Von Frühling bis zum Herbst gleicht unser schönes Südbaden einem Schlaraffenland. Spargel, Erdbeeren, Kirschen, Äpfel, Trauben, Kürbisse und viele weitere Köstlichkeiten reifen auf den Feldern heran und warten darauf, geerntet, verzehrt oder veredelt zu werden. Jeder, der sich in dieser Zeit in der freien Landschaft bewegt, ist der ständigen Versuchung ausgesetzt, einfach zuzugreifen und zu genießen, was die Natur ihm anbietet. Traurig, aber wahr ist, dass immer weniger dieser Versuchung widerstehen können und nicht verstehen, dass der Griff zur Frucht am fremden Baum keine Lappalie ist, sondern Diebstahl. Dabei macht es keinen Unterschied, ob man nur ein kleines bisschen stiehlt oder mehrere Taschen bis hin zu ganzen Anhängern füllt. Kein anständiger Mensch kommt auf die Idee, seinen Nachbarn einfach Münzen aus der Sparbüchse zu klauen, auch wenn die Büchse voll ist und der Verlust nicht auffallen würde. Man macht es nicht, weil es Diebstahl ist, und dieser ist in unserer Gesellschaft eigentlich geächtet.

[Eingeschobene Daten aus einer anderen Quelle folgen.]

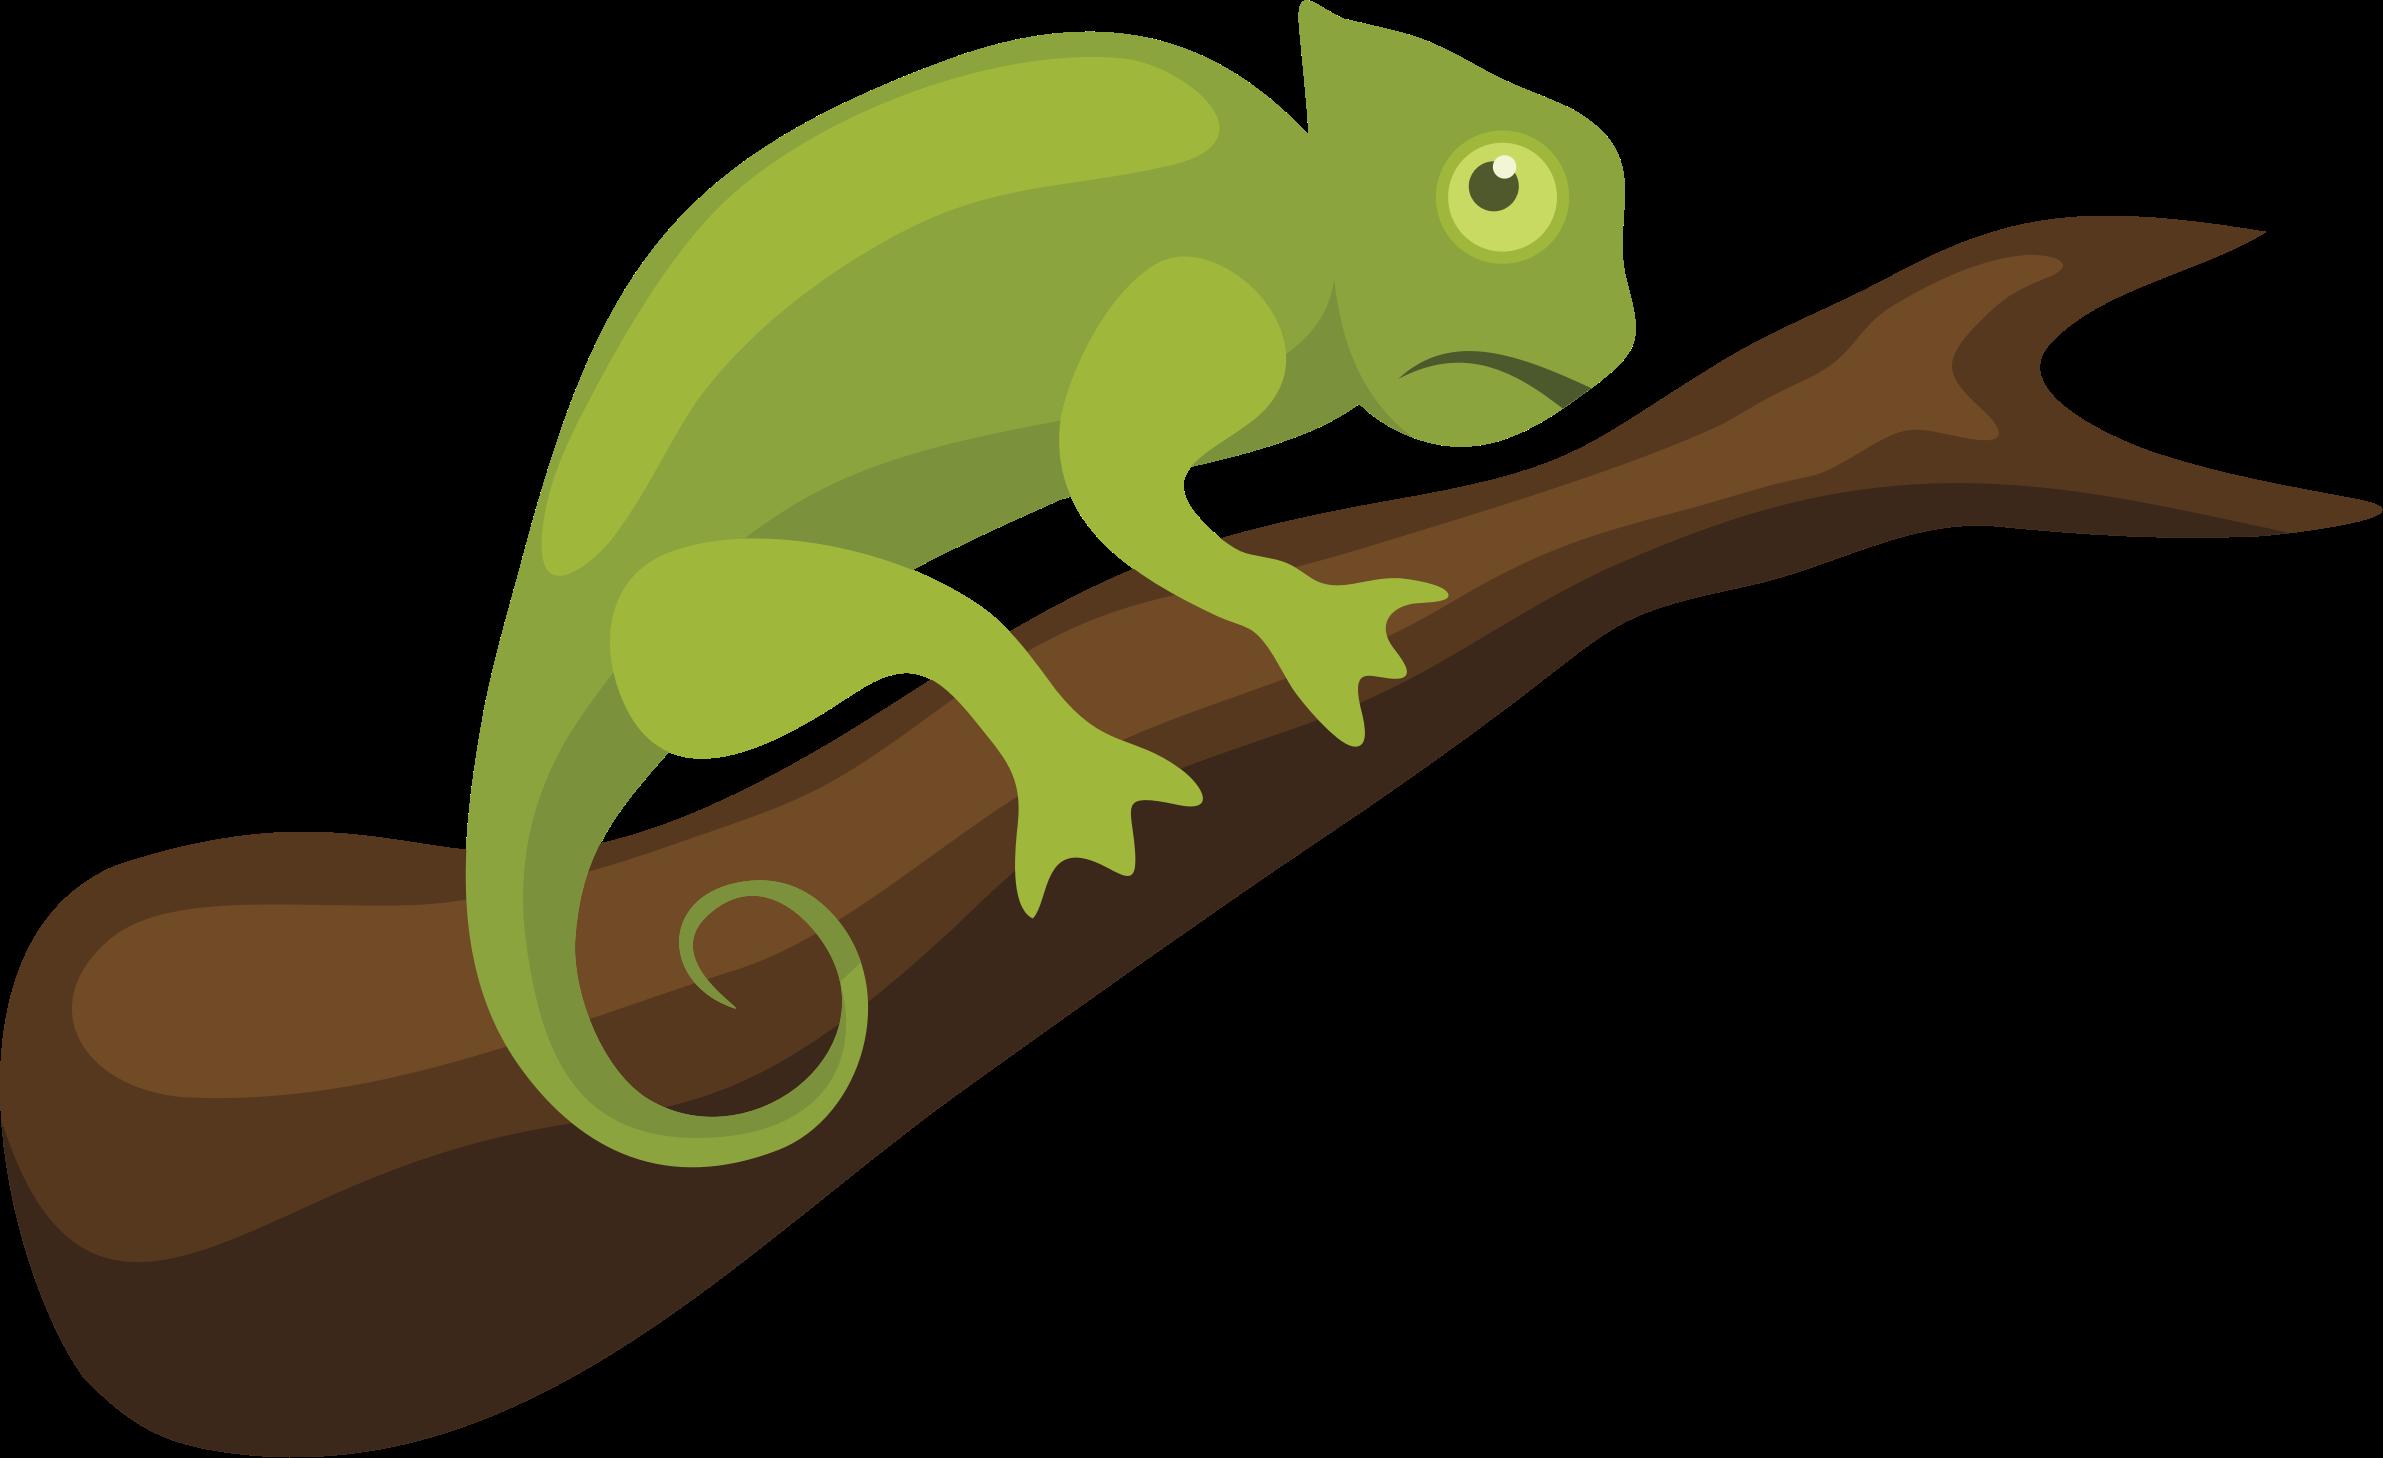 Tongue at getdrawings com. Gecko clipart lagartija

Warum also fällt es vielen Menschen so leicht, sich einfach an Obst und Gemüse zu bedienen, das ihnen nicht gehört? Ich denke, es liegt an dem fehlenden Verständnis für die Arbeit, die Landwirtinnen und Landwirte in die Pflege der Pflanzen stecken, damit diese Früchte tragen können, und dass sie von dieser Pflege leben, indem sie die Ernte verkaufen. Der Obstklau ist demnach ein weiteres Symptom der Entfremdung unserer Gesellschaft von der Landwirtschaft. Sie schreitet leider ungebrochen voran. Und
das wiederum ist noch ein weiterer Grund, weshalb Landwirtschaft endlich ein Schwerpunkt in der Schule werden muss.